I started to reach for my handbag to grab my phone. He didn’t seem to like that.
“I want to read this and I’ll put it away,” he stated in a conciliatory tone, which was meant to keep mine tucked in my bag.
“Don’t be silly,” I said, “I’ll keep mine out too. That way if I get messages I can read them right away as you did.”
My petulance must’ve triggered a memory and he shared his experience with another Vegas woman he knew from many years ago. A wistful look crossed his face. The brows followed along. She was his Older Woman Experience. He was in his early twenties, she in her thirties and in New York to care for her ailing mother.
“She kept me in line,” said Patrick with a chuckle. “When she wasn’t happy with me she’d reach over and pull my chest hair through my shirt. Yank it out. Wow, did that hurt.”
Now here’s where it gets confusing.
I’m not sure how this happened and it’s probably because I was fixated on his forehead, but in an instant, Patrick’s hand was on the top of my chest as he demonstrated the pinch of his former lover. OK, it was the top but he was still pinching breast. Considering he’s a doctor I imagine he knew the starting point of Boobville.
It did give me a little comfort to know that he’s licensed by the State of New York to grope me.

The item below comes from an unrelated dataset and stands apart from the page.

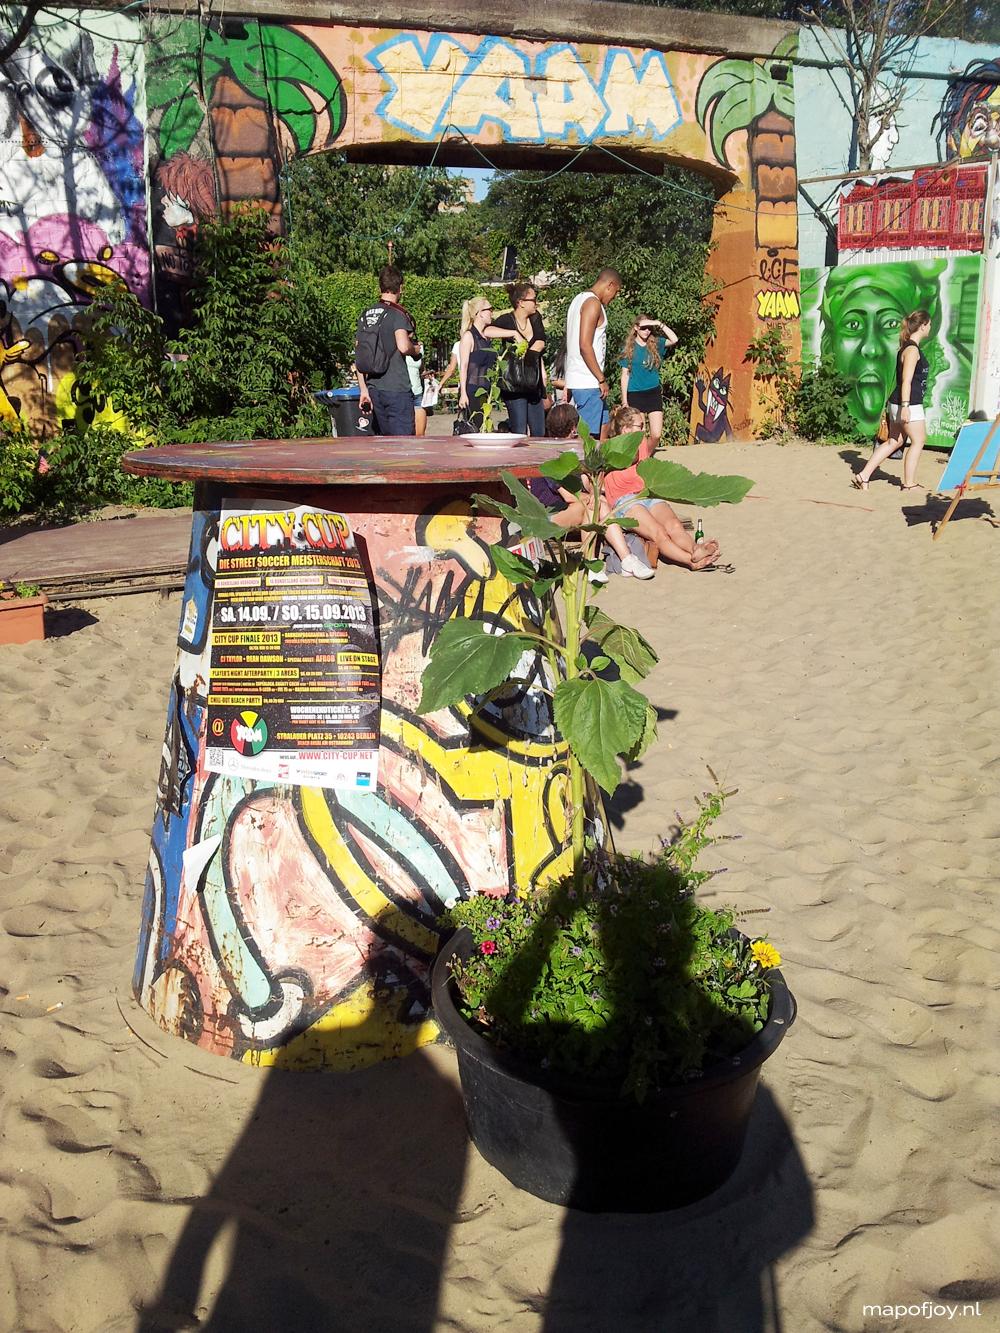 Yaam, Spree, Berlin hotspot - Map of Joy

I live in a full service building so I asked my doorman to pinch my breast for the photo below.
Kidding, that’s not the doorman’s hand. What kind of tenant do you take me for?

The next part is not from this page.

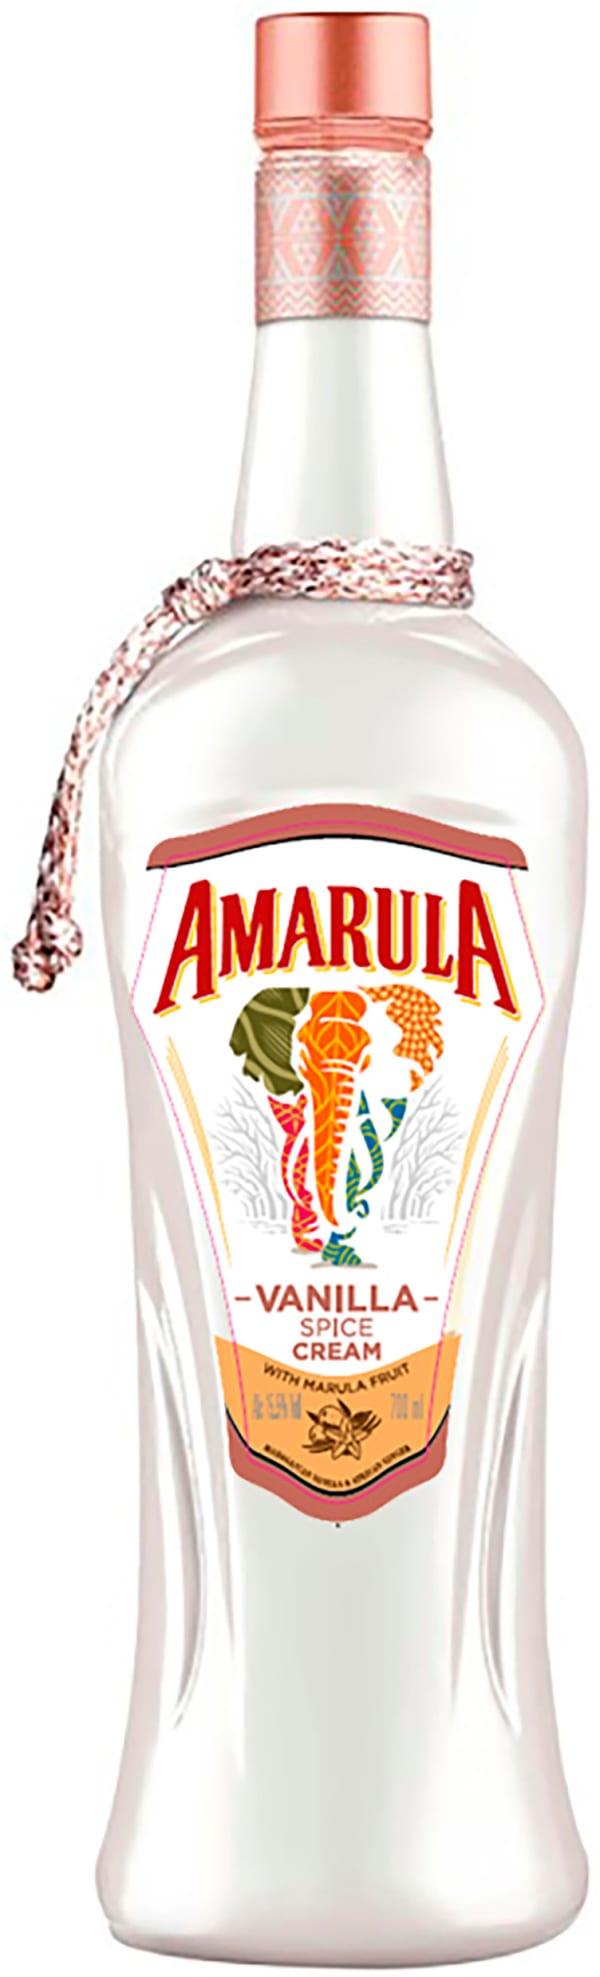 Amarula Vanilla Spice

I asked my neighbor Karen (Mark’s wife), to demonstrate when I was at their home last night for Easter dinner. Look closely, that’s where Patrick pinched. You’ll have to decide if it was an innocent mistake.
I tend to think not.
I pushed his hand away and he said, “You’re such a good listener.”

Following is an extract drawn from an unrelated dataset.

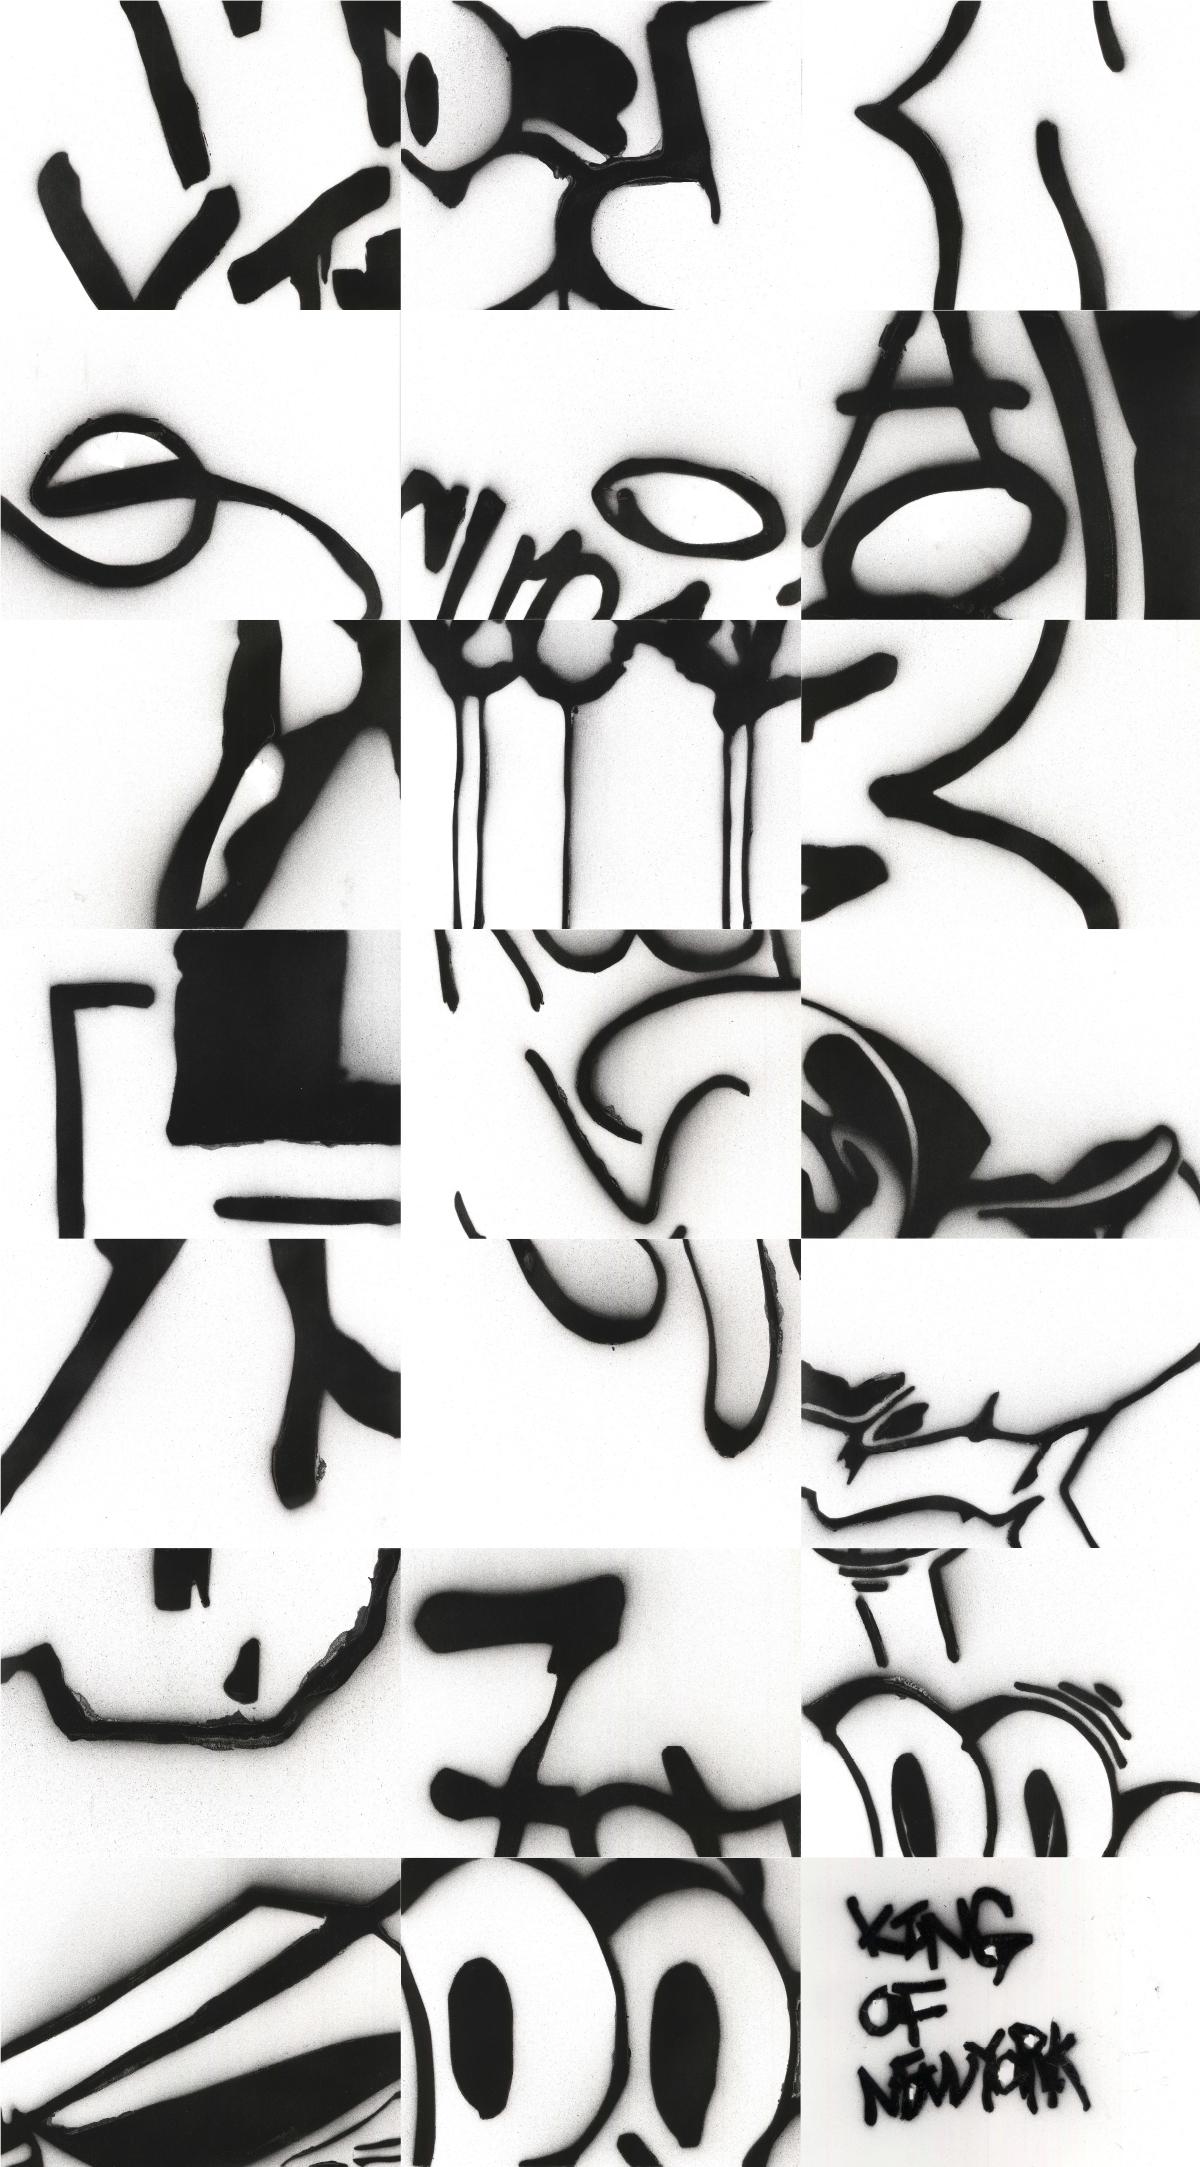 Graffiti-final.jpg

I guess I was that night since he’d not asked me a single question and then I was speechless immediately following his grab.
The server approached and he told her we’d have another round.
Wasn’t happening and I shared that with him.
We exited, walked to the street and I hailed a cab. He said he’d had a great time. I did not respond.
I got a text from him this weekend. He asked for my email address. The problem was that he’d sent several messages to me already. I reminded him of that and thanked him (with over the top sincerity) for the lesson in Japanese delicacies.
Here’s his reply:
Gosh, I was not meaning to be didactic, sorry. And yes, you gave me the address, it just doesn’t sound like you. I forgot the connection. Happy Easter!
I never told Patrick about being a writer. He didn’t ask. I never shared with him that I have a blog. All the things I normally talk about on a first date–when I’m with someone who’s not performing a monologue. Sure, the breast pinch was appalling but maybe he didn’t mean to touch me there. It was his lack of consideration that began immediately when he left me waiting in the lobby and continued throughout the date that was most offensive.
Call me sensitive, but being didactic should be the least of his concerns.
“How do I work? I grope.” Albert Einstein
Please remember that I always change the names and certain details so these, um, gentlemen cannot be identified and for that they should be grateful.